Key MedTech Developments

1. Major Funding for Next-Gen Devices and Operations

Non-Invasive Neuro-Monitoring: London-based HealthTech startup CoMind secured a substantial funding round of €51 million (bringing its total funding to over €85 million). The capital will be used to scale its non-invasive neuromonitoring technology, which measures critical brain parameters without the need for surgery. This highlights investor confidence in non-invasive diagnostic devices.

AI for Remote MedTech Operations: Germany's roclub raised €10 million in Series A funding. The company operates an AI-powered teleoperation platform to remotely manage and utilize MedTech equipment, addressing workforce shortages and improving equipment utilization across hospitals and clinics.
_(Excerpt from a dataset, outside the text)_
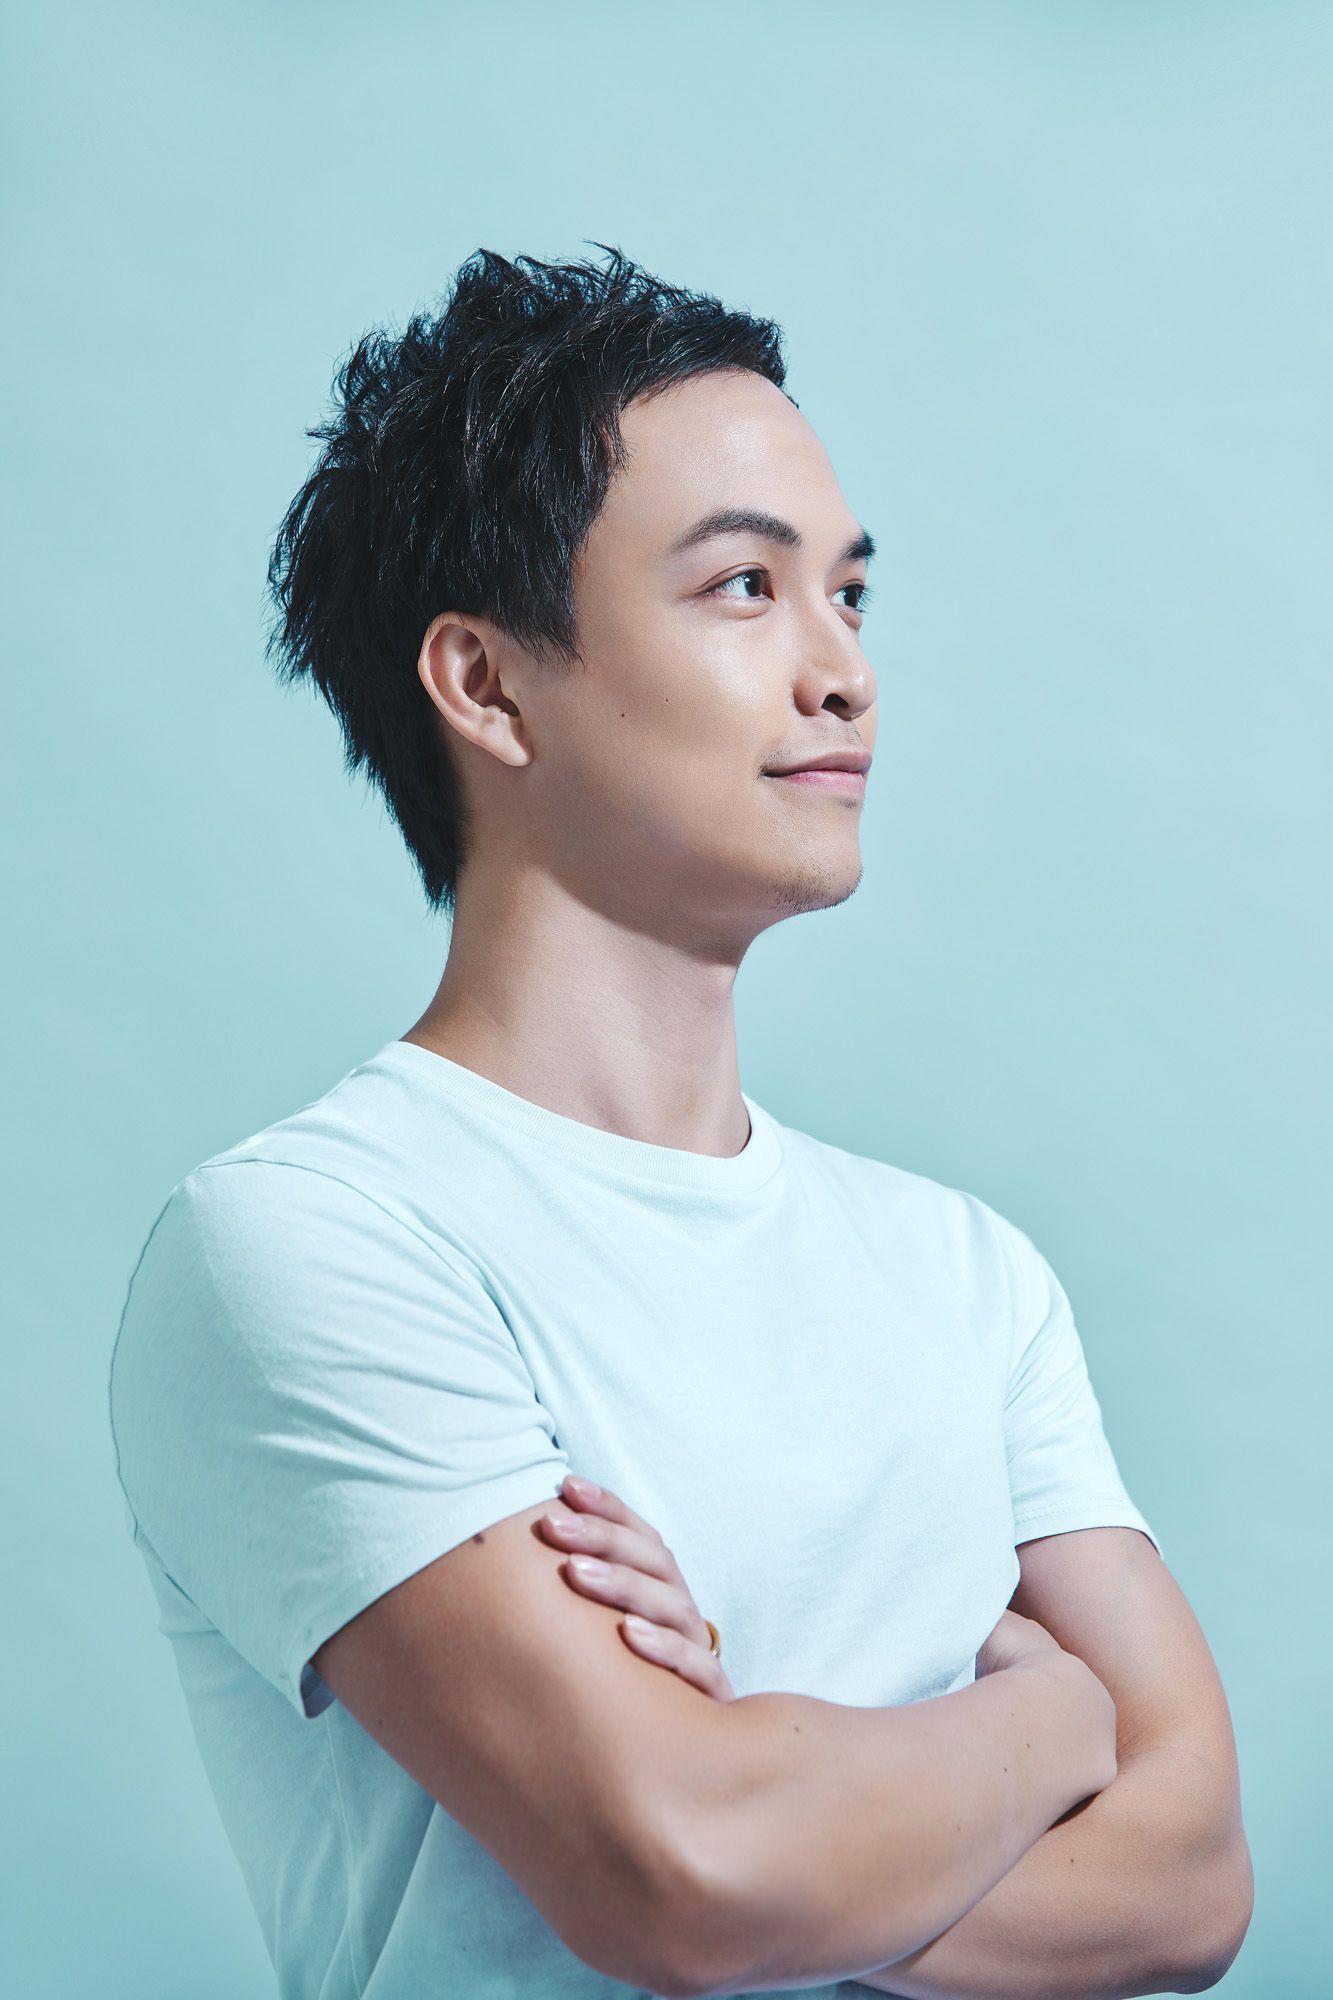 Alaric Choo

Irish Government Funding: Ireland's Disruptive Technologies Innovation Fund (DTIF) announced €36.9 million in funding for six new projects, including MedTech initiatives focused on:

Developing ablation, shape-sensing, and tissue-sensing technologies for non-surgical tumor and irregular heartbeat removal (SensABLATE).

Creating a new vascular closure device (VCD) to stop bleeding quickly and safely during invasive procedures (Spiorad).
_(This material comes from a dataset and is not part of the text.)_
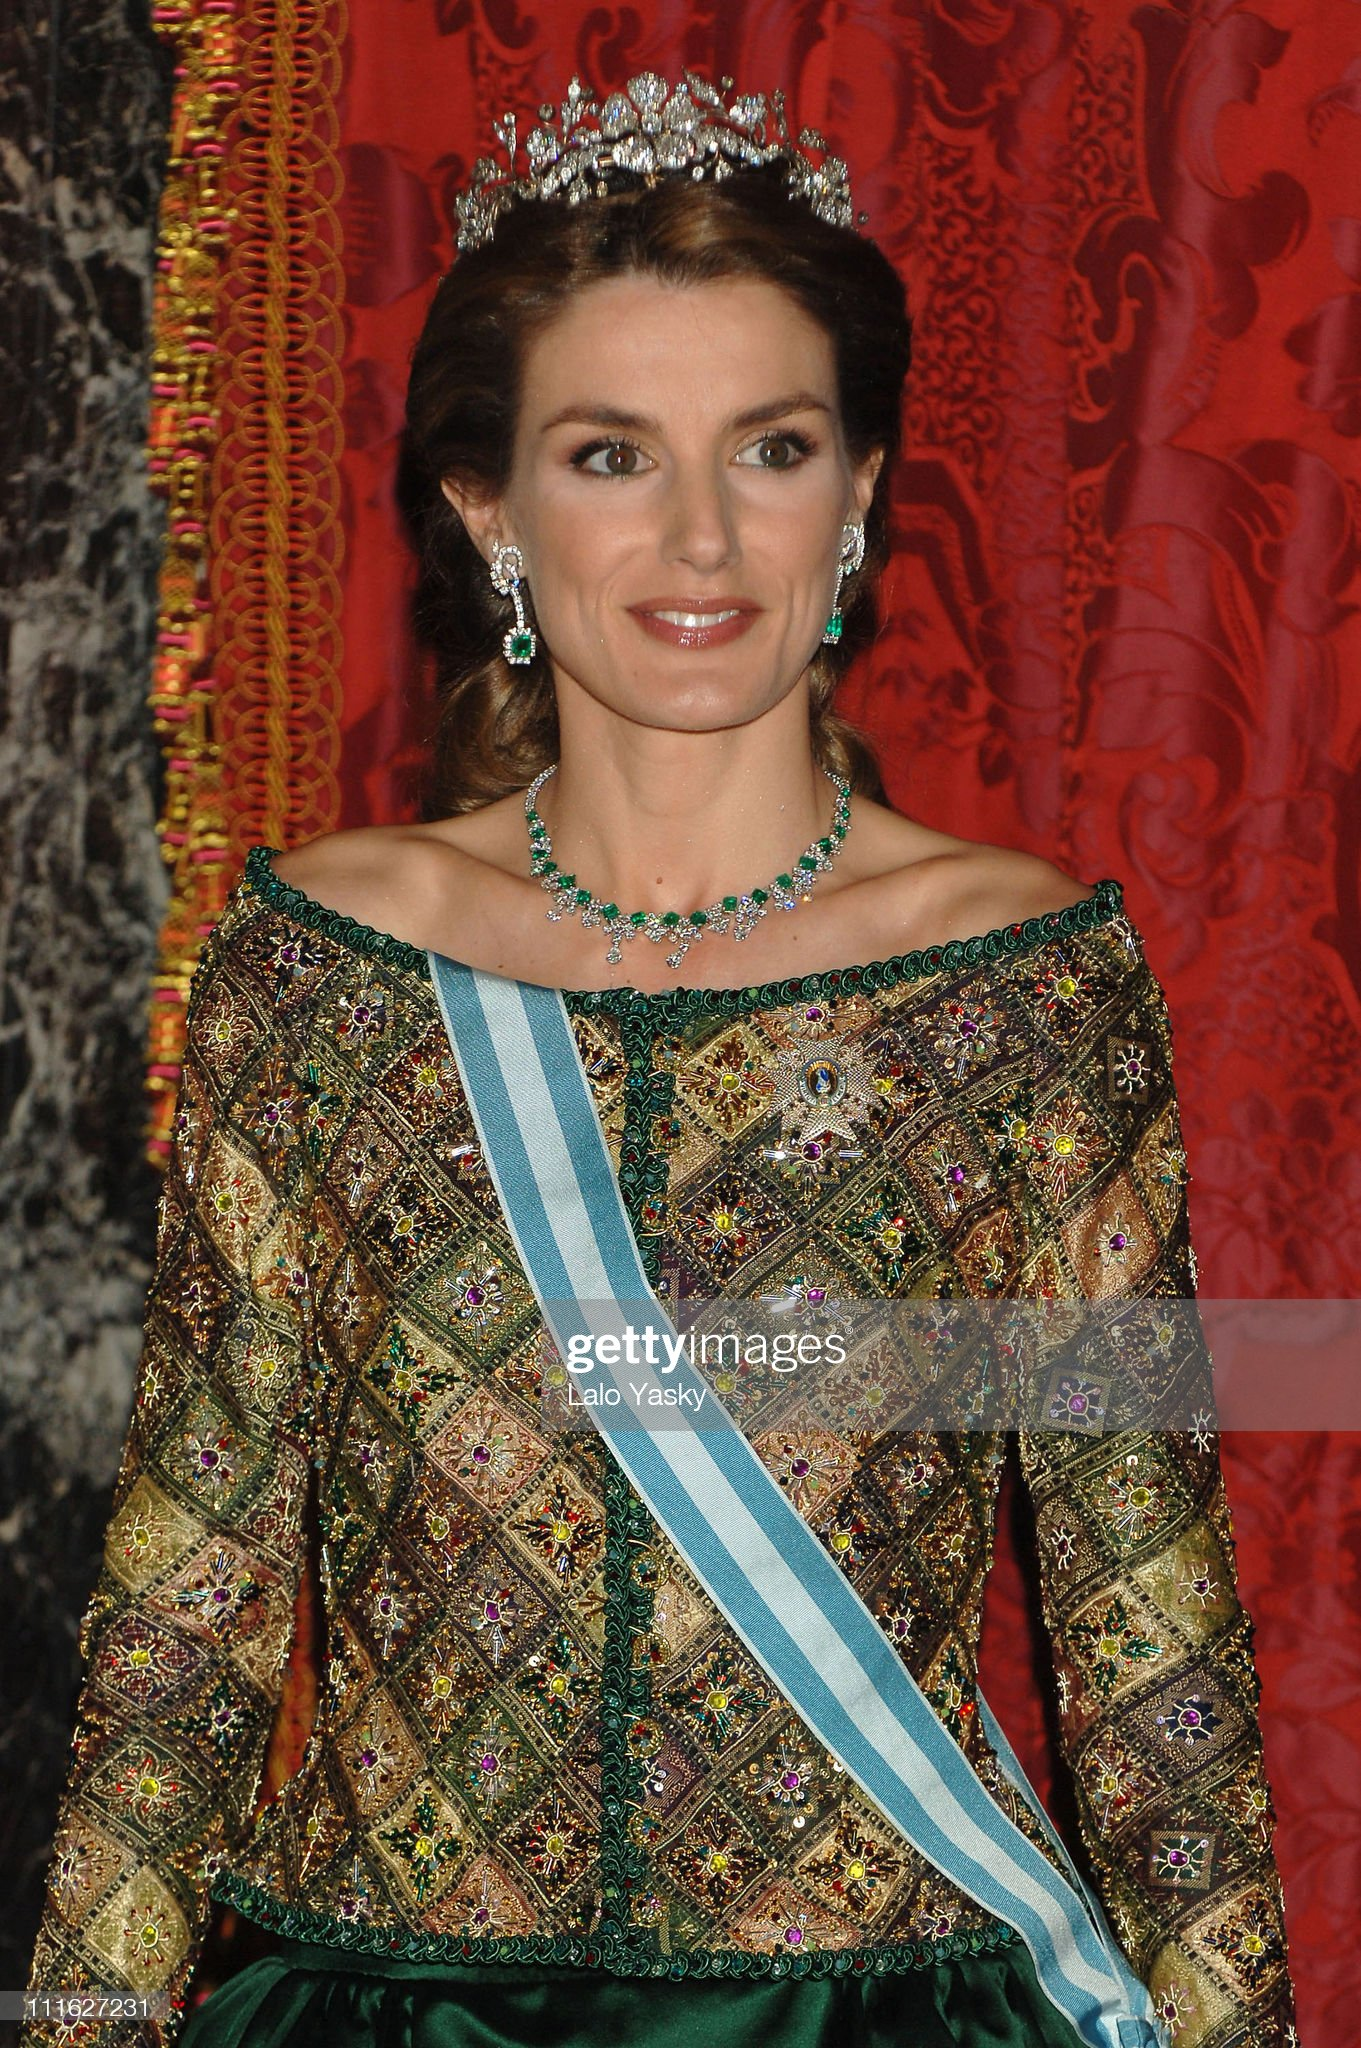 Spanish Royals Receive Vladimir Putin and Wife - February 9, 2006 : News Photo

2. Clinical Trial Progress for Complex Devices

Tricuspid Valve Replacement: Venus Medtech's device, Cardiovalve, announced the successful completion of patient enrollment (150 patients) in its TARGET study for Transcatheter Tricuspid Valve Replacement (TTVR).This marks a critical milestone as the company advances toward its European CE Mark submission and a targeted 2027 commercial launch.
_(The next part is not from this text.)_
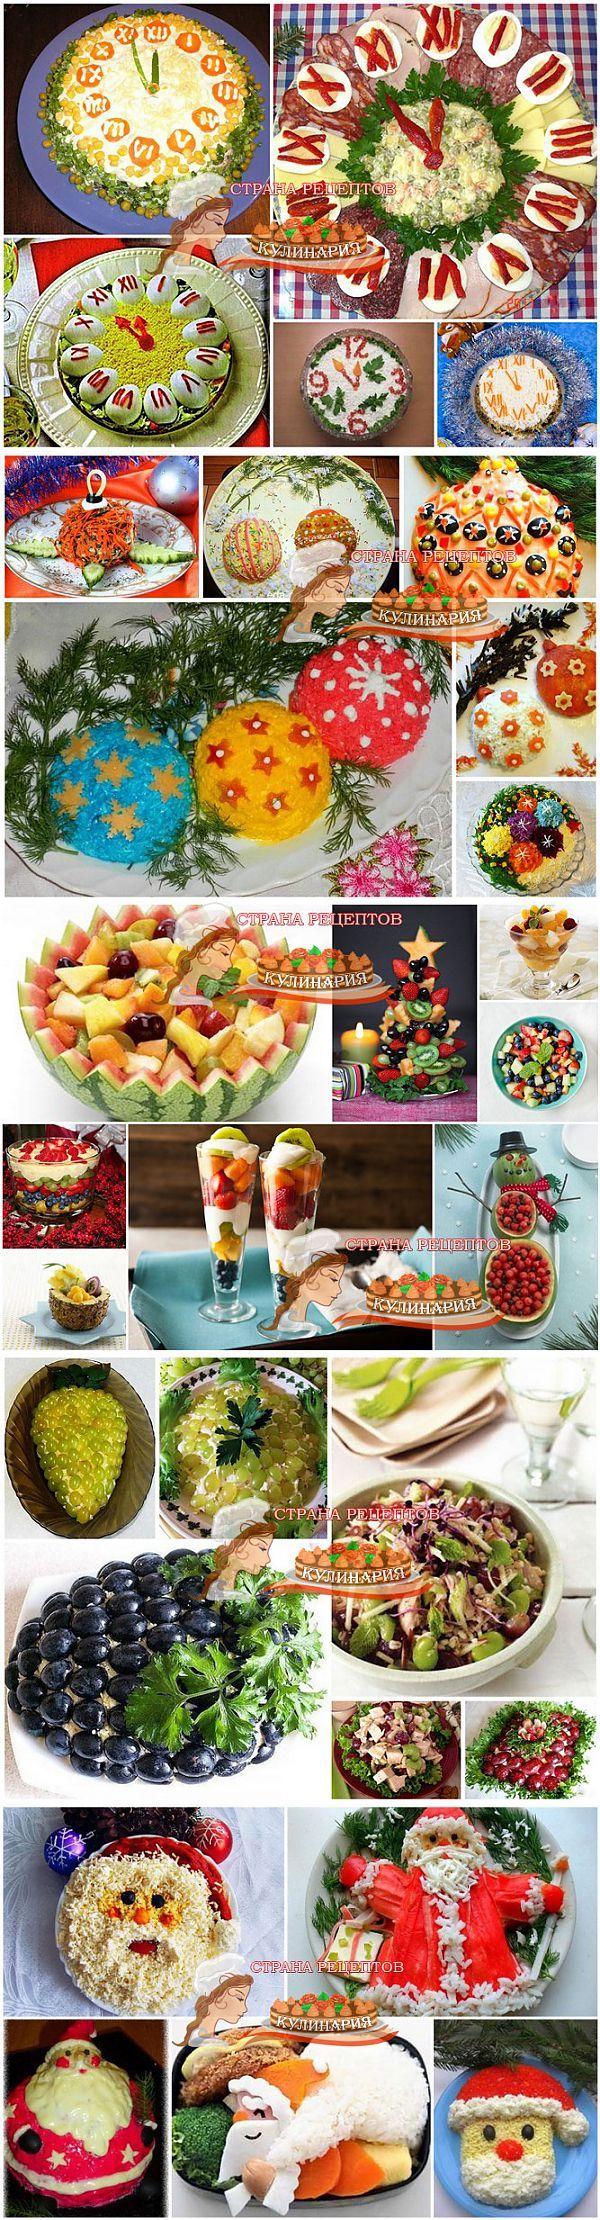 recepty-kulinariya.ru

European Clinical Trial Kick-Off: The US company Anteris received its first European regulatory clearance in Denmark to commence the PARADIGM pivotal trial for its DurAVR transcatheter heart valve, with Danish patient recruitment slated for Q4 2025.

3. Regulatory Environment and AI in MedTech

AI in Diagnostics Certification: German company Vara was granted a CE certificate for its AI breast-imaging software. This allows the technology to be deployed across the EU as an independent second reader and decision-support tool in screening and diagnostics.

AI Regulation Challenges: The European Association of Medical devices Notified Bodies (Team-NB) issued a warning that a shortage of designated Notified Bodies to review Artificial Intelligence (AI) devices could "massively hinder" the transition to the EU's AI Act, highlighting a future regulatory bottleneck.

UK's AI Pathway: The UK's MHRA (Medicines and Healthcare products Regulatory Agency) selected seven technologies for Phase 2 of its AI Airlock program, publishing a pilot report. This initiative provides a tangible, controlled pathway for companies to generate the necessary evidence for AI-as-a-Medical-Device technologies within the NHS framework.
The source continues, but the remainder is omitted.